Exercise details — Retype, exactly as they appear below, the lines between the line holding "NBA Finals MVP" and the line holding "Pinx - Star Logo - White Zip Up Hoodie", both ends included.

Extracted data —
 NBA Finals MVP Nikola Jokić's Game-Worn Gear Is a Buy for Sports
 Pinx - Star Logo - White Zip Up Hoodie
==
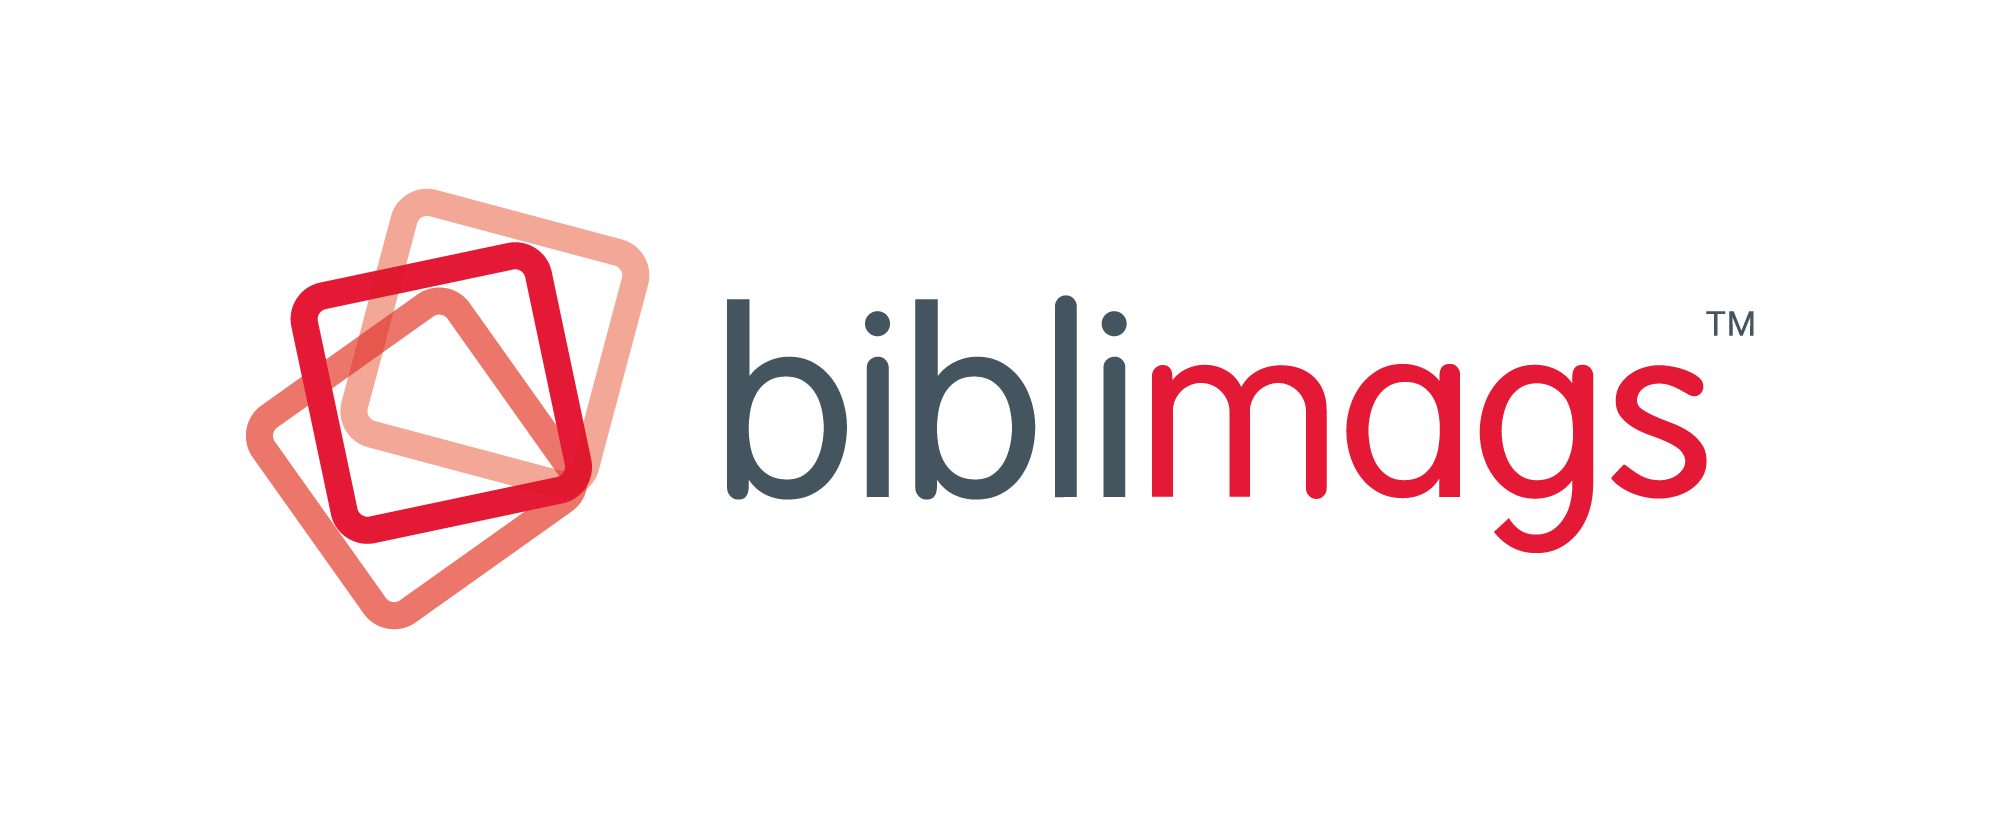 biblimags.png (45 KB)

Answer below —
 NBA Finals MVP Nikola Jokić's Game-Worn Gear Is a Buy for Sports
 Pinx - Star Logo - White Zip Up Hoodie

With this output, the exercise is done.